Student Stories
The Service-Learning program in Santiago challenged my thoughts, my set view of life, and ultimately my person as a whole.
The program plunged me into the incredibly rich and vibrant culture of the Dominican people, exposing me to something far different from my norm. My daily life consisted of classes in the mornings. In the afternoons, I would go home and enjoy a Dominican style lunch, then it was off to my community. On average, I spent about four days a week in the neighborhood of “La Mosca” in Cien Fuegos, a marginalized community next to the main garbage dump site in Santiago, Vertedero Rafey. I was contributing as the sports director in the after school program, Niños Con Una Esperanza (Children With Hope). Niños offers a variety of after school activities, such as help with homework, fine arts, and sports. It was initiated to give children an alternative incentive for formal after school activities, as opposed to working at the garbage site as buzos (scavengers) for trash that can be recycled and re-sold. Sadly, working there was an obligation thrust upon many children and imposed health and work hazards, some leading to fatalities. The classes I took as a Service-Learning student allowed me to work hand-in-hand with the community. What we learned about in class was directly relevant to the afternoons spent working with our respective organizations in the community, and vice versa. As a result, both the theories learned in the classroom and practical experience outside of it worked in unison as impactful, yet challenging learning lessons about the realities of urban life in Santiago, and development as a whole.
One of the most important lessons I learned was that in order to understand the people and the world around you, you must first understand the culture in which you are surrounded. This was facilitated by the CIEE staff and the once-in-a-lifetime educational excursions around the country that provided us more diverse experiences of Dominican life. The excursions also gave us an opportunity to connect with the people and various local organizations that took the time to share how they were responding to particular social issues. My time in this program taught me a new level of humility that I had not previously known existed. I got to experience the electricity of the Dominican culture and the richness of its past, but most of all, through experience and action, I got to learn about my fellow man on the most human and grassroots level.
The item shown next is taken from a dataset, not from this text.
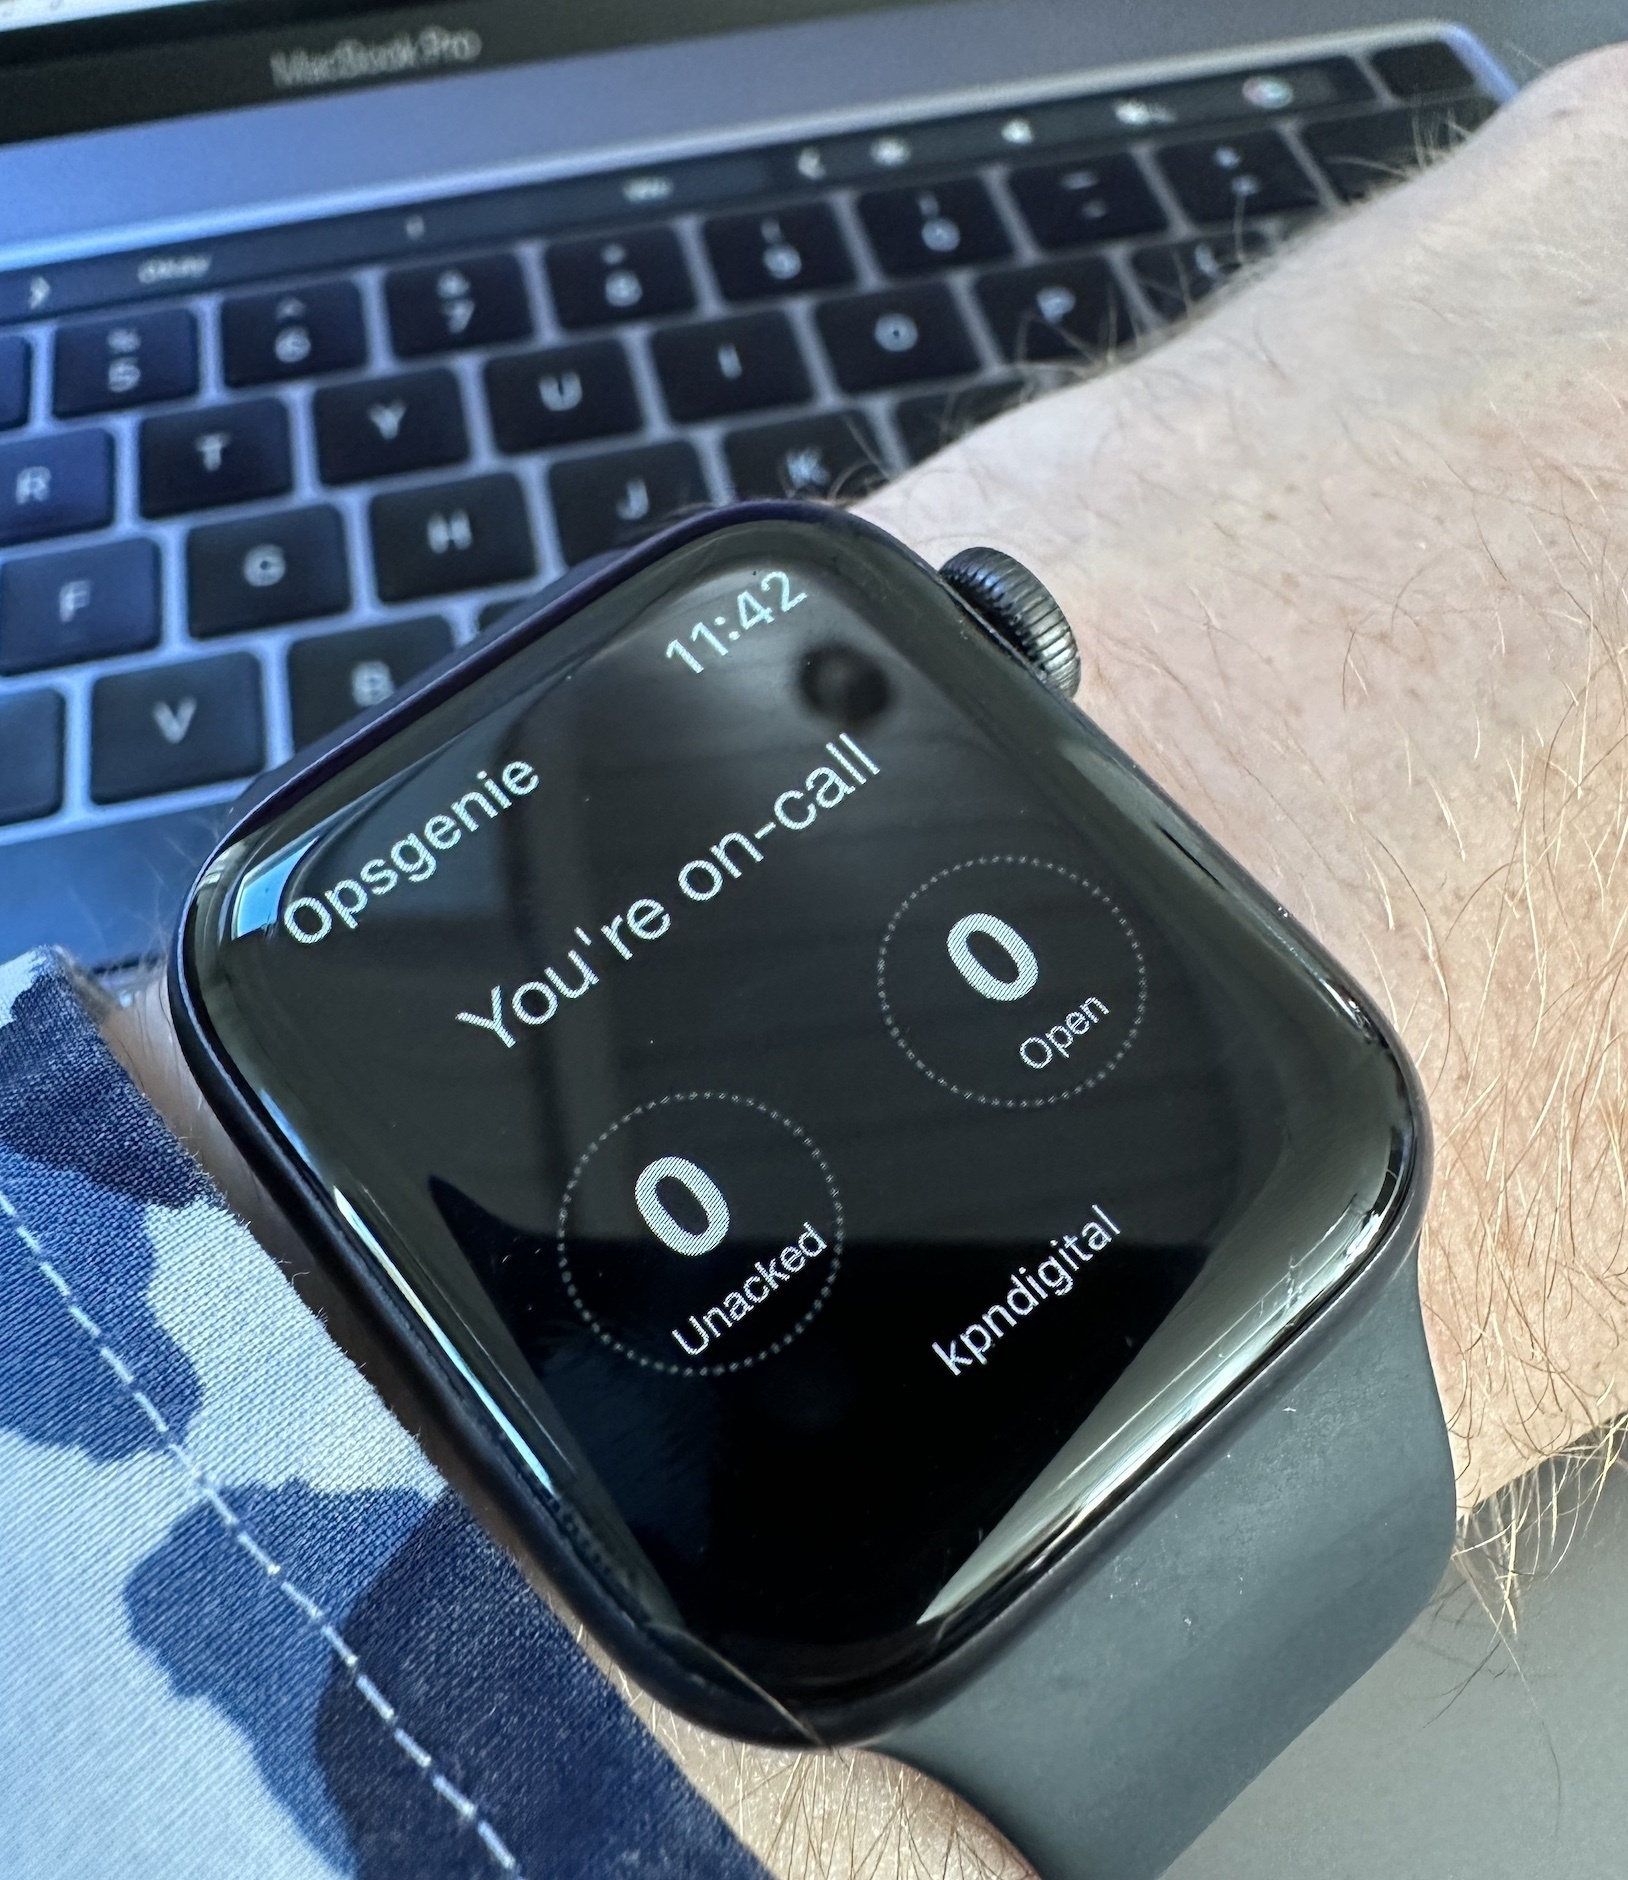 Apple Watch showing that I'm on call.

— Neil O’Loughlin, University of Illinois at Chicago
As a participant on the CIEE Service-Learning program in Santiago, I have proven to myself that I have the capacity to be an agent of change.
An agent of change is an individual with strengths who uses them to affect change in other people and organizations. In the CIEE Service-Learning program I became an active agent of change when I immersed myself in the Spanish language, attended Creole classes in order to help communicate with Haitian immigrants, engaged in classes on poverty and development, community service, and research methods to help me understand the complexities of culture and poverty, and developed a water sanitation project during my community management service practicum. Unlike most other community services projects, this experience allowed me to use my own creativity to develop a project in urban public health. During my work with the urban community Guarabo at the community-based organization Oné Respé, I developed a water sanitation investigation and awareness initiative that served as an initial scientific document on composition of water contamination conditions and an educational tool to be used in future investigations and community awareness programs.
In my four-month research project, I experienced the true realities, difficulties, and cultures of Haitian immigrants and Dominicans living together in two impoverished urban communities in Santiago. Since this experience I have gained valuable knowledge on the complexities and struggles that volunteer organizations face in battling poverty and creating development in poor communities, the politics and disparities between local public and private health facilities, and the benefits of community-based organizations geared toward education and social justice.
I am certain that this experience has served as an immeasurable stepping stone in my life, which has truly empowered me to continue working as an agent of change in the field of international public health administration in preventative medicine.